Skirmishes between the Court on the one hand and the Executive or the Legislature on the other hand are not unknown. The Judiciary is often considered the custodian of the Constitution – to the protest of the elected. Scholars, some scholarly politicians and most politicians have termed the power of the judicial organ as the "tyranny of the unelected". Yet, over the years, history and experience show that the legitimacy of the judicial organ is akin to the legitimacy of the rule of law – the legitimacy of the Constitution.

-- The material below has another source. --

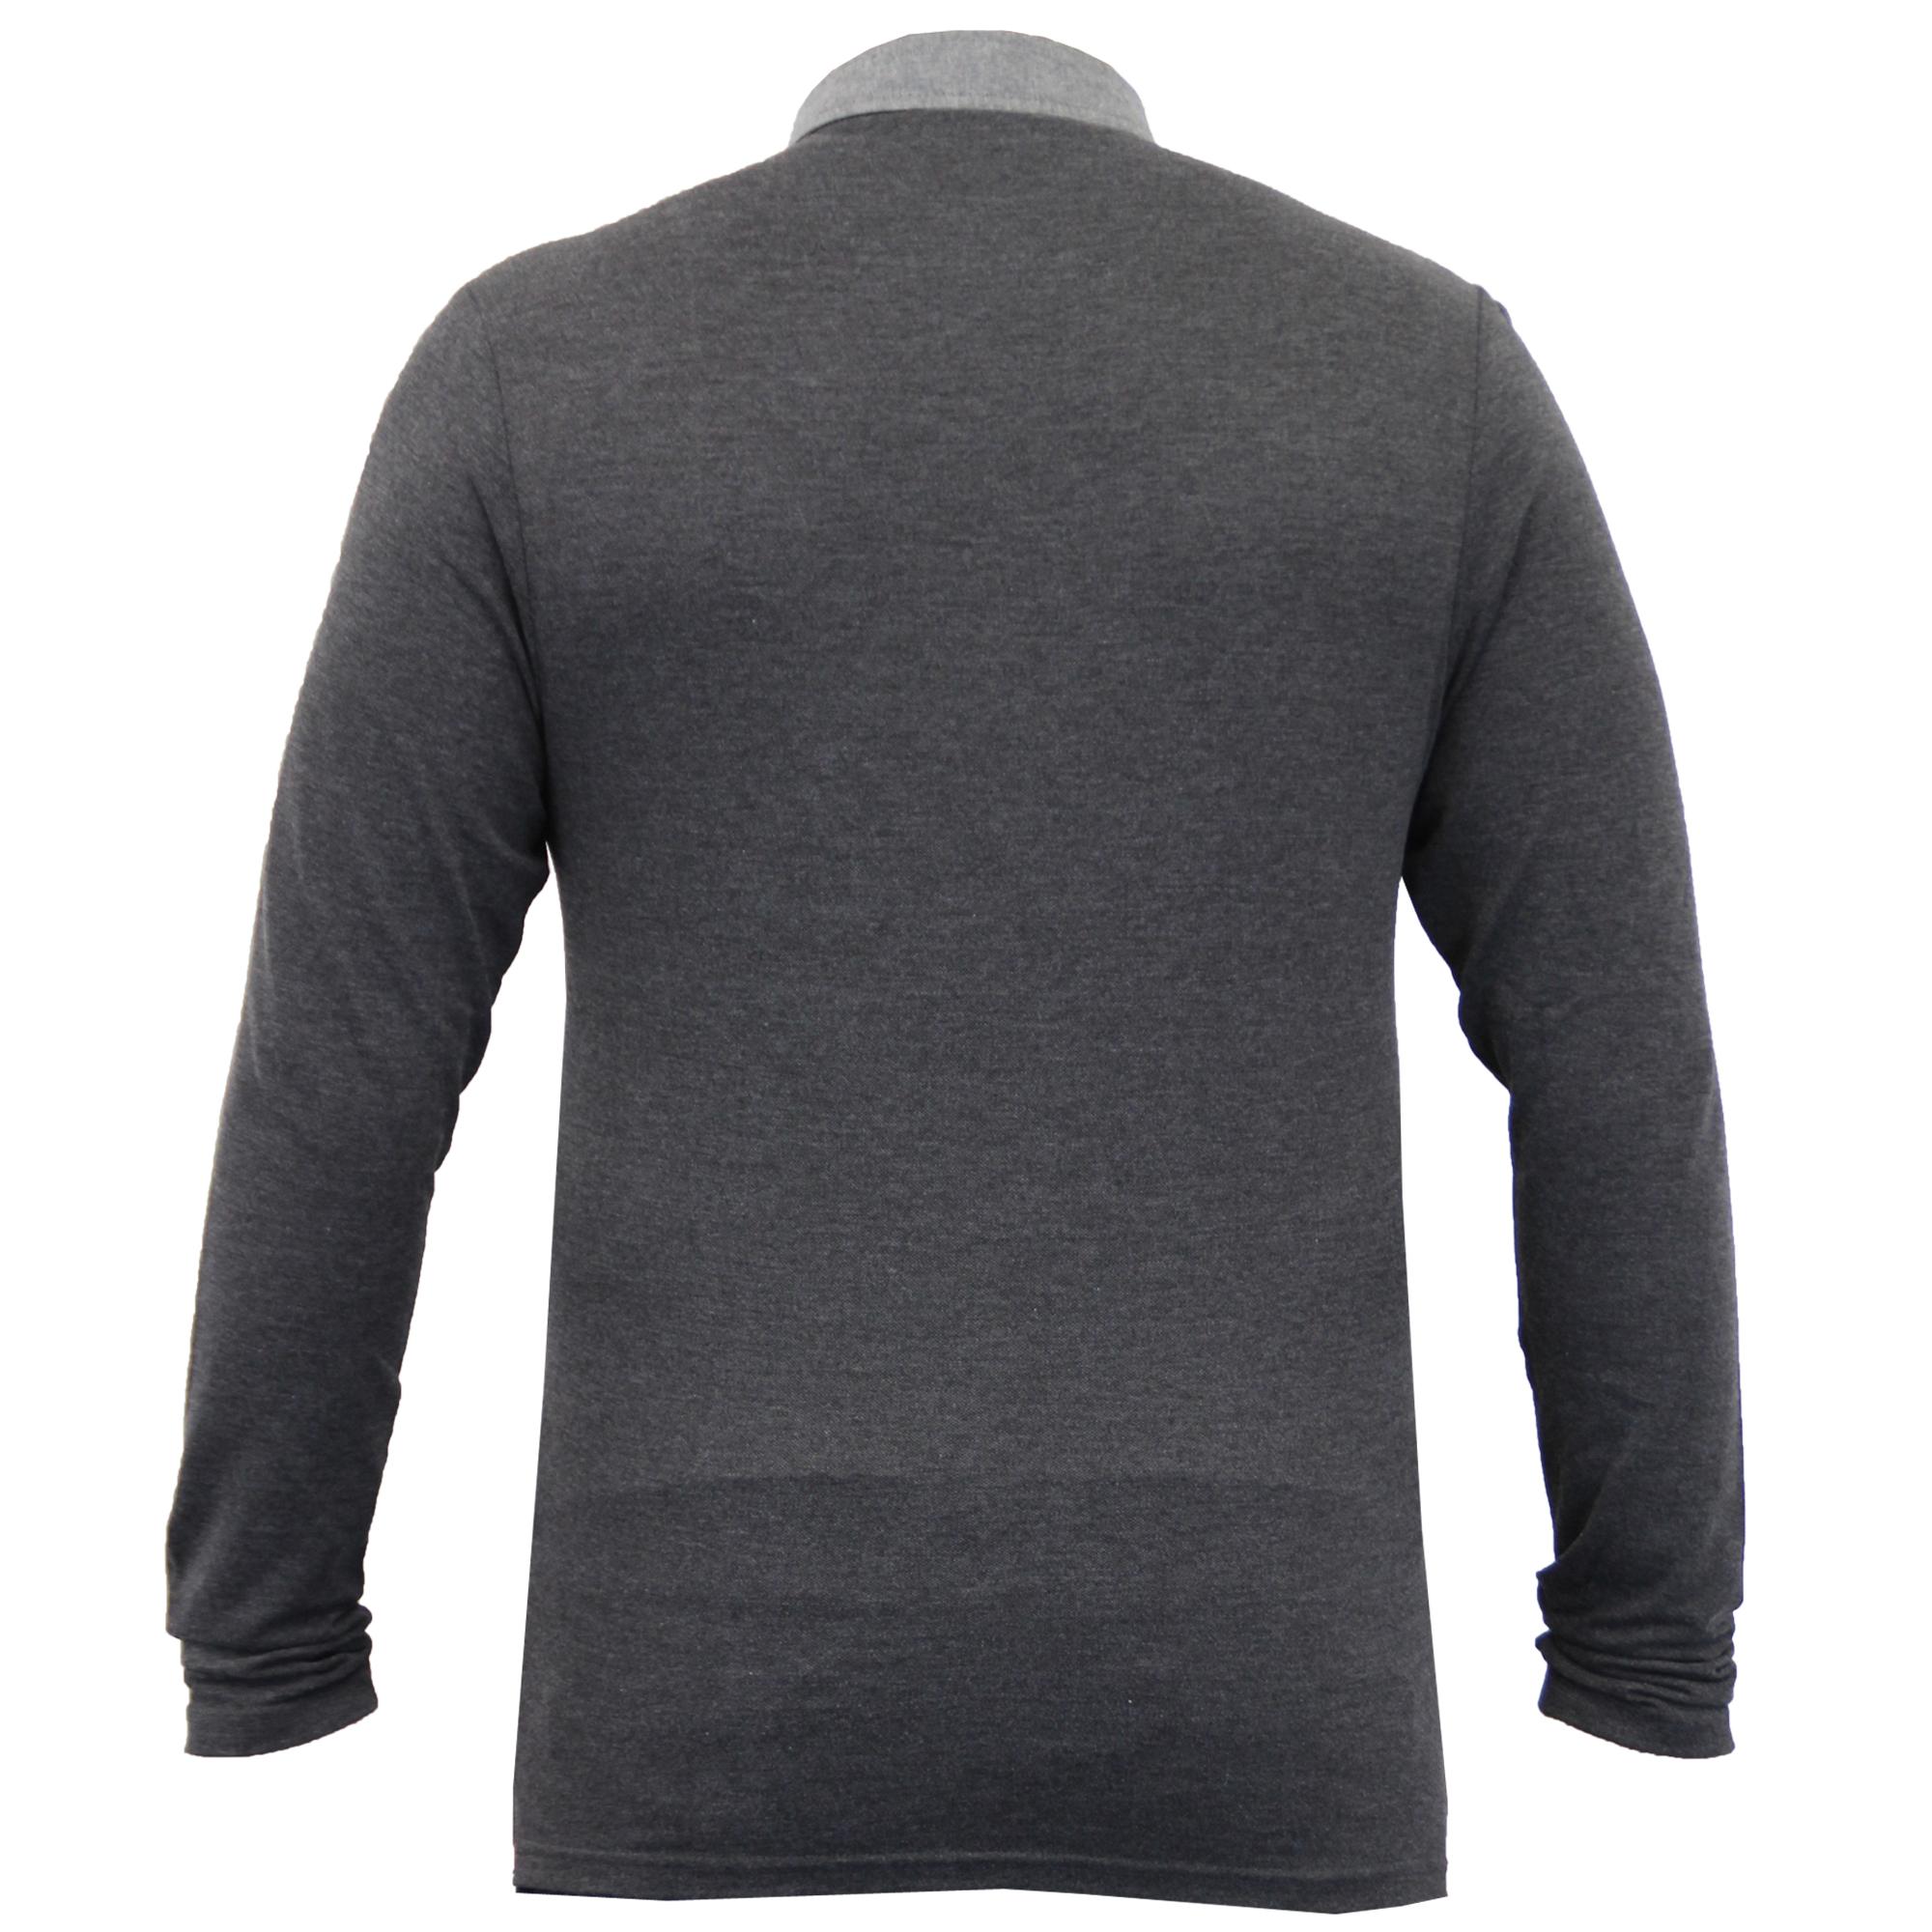 Homme-a-Manches-Longues-Jersey-Top-Brave-Soul-Pique-Polo-T-Shirt-A-Col-Ete-Neuf miniature 13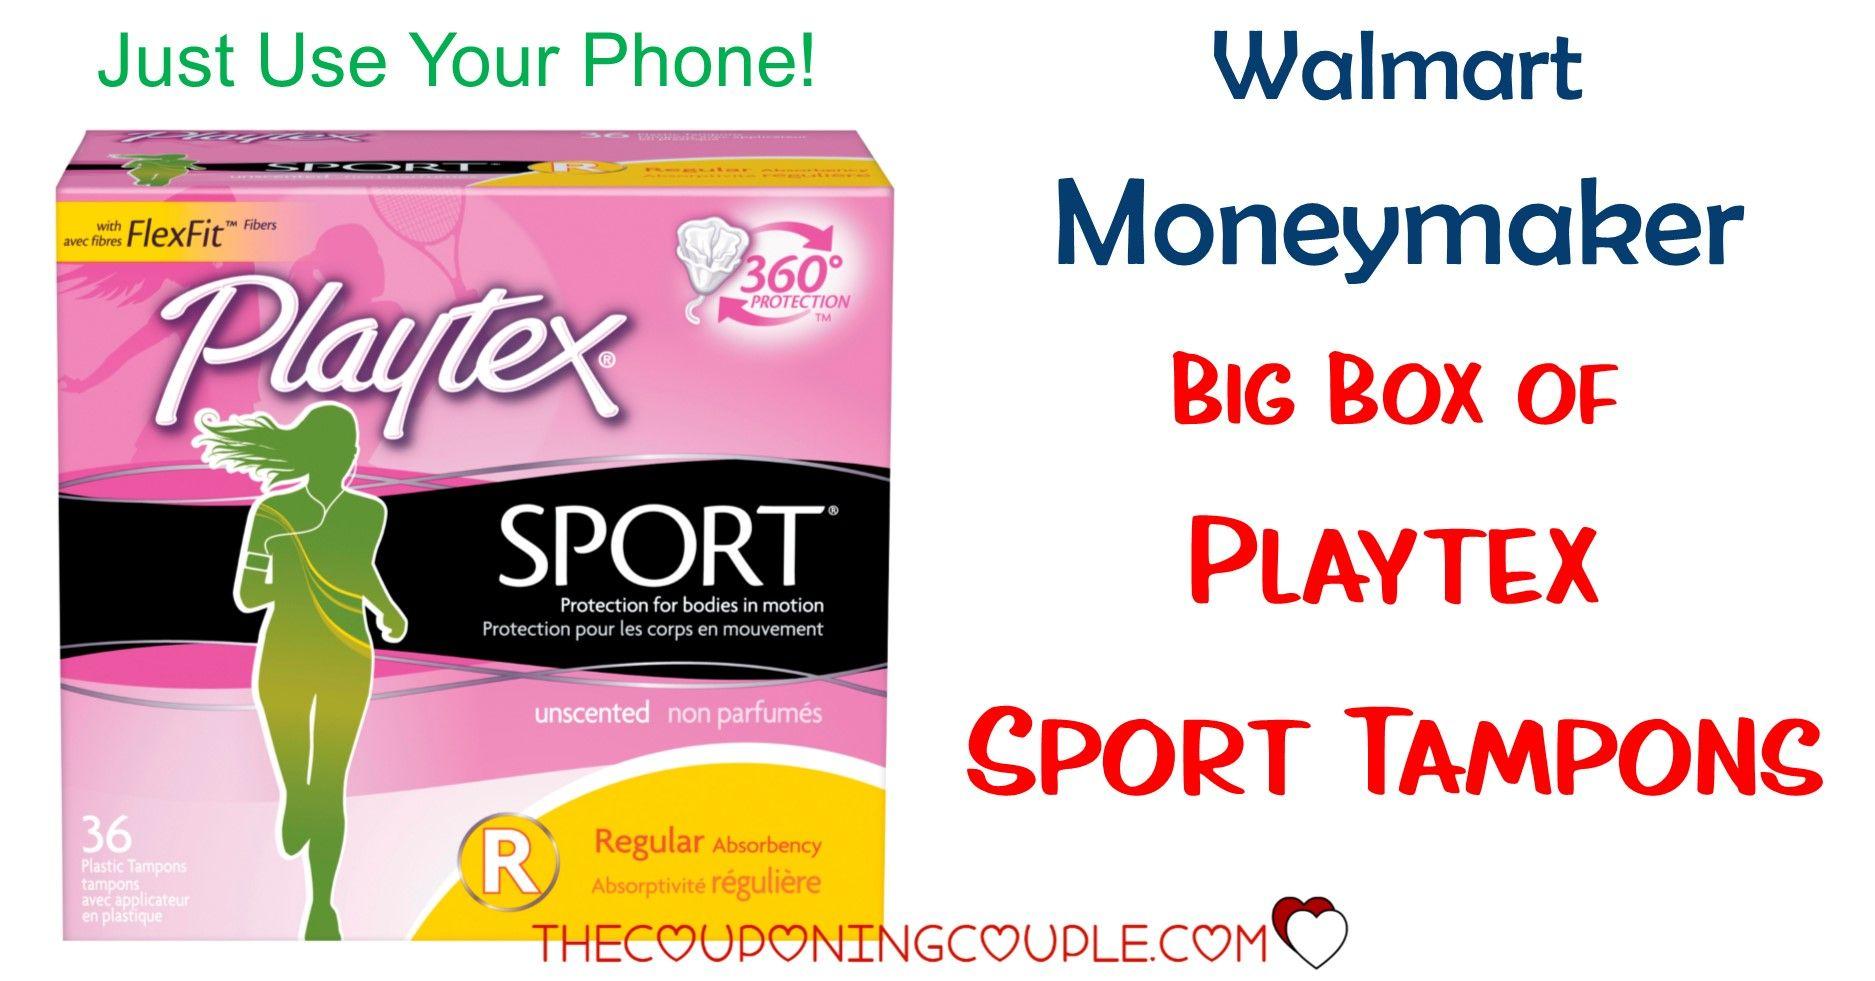 Playtex Sport Tampons MONEYMAKER at Kroger! Store ads

After the unanimous decision of the Supreme Court of the United States in Marbury[2] penned by Chief Justice Marshall, President Thomas Jefferson, in correspondence with Abigail Adams[3] lamented that "the opinion which gives to the judges the right to decide what laws are constitutional, and what not, not only for themselves, in their own sphere of action, but for the legislature & executive also, in their spheres, would make the judiciary a despotic branch."[4] At that time, Chief Justice Marshall's judgment in Marbury sent shock waves across the spectrum – for a powerful and independent judiciary was believed to be an anathema to a democracy. After Chief Justice Marshall's decision in Worcester[5] - where the Court struck down Georgia's legal system qua the Cherokees as being repugnant to the Constitution – President Jackson reportedly remarked "John Marshall has made his decision, now let him enforce it."[6] He even sent troops to evict the Cherokees and defeat the enforcement of the Court's decision.[7] In the early days of the long Presidency of Franklin Roosevelt, having to deal with the Great Depression, he initiated the New Deal legislations. However, much to his dismay the Court began striking down legislation. So he wanted to pack the Court. After the failure to launch the Judicial Reforms Procedure Bill, 1937 – whereby President Roosevelt sought to increase the number of Justices on the Bench to ensure that his New Deal legislation were not defeated – President Roosevelt was able to fill the vacancies on the Bench. Although the Court Packing plan failed, he was able to control the Court.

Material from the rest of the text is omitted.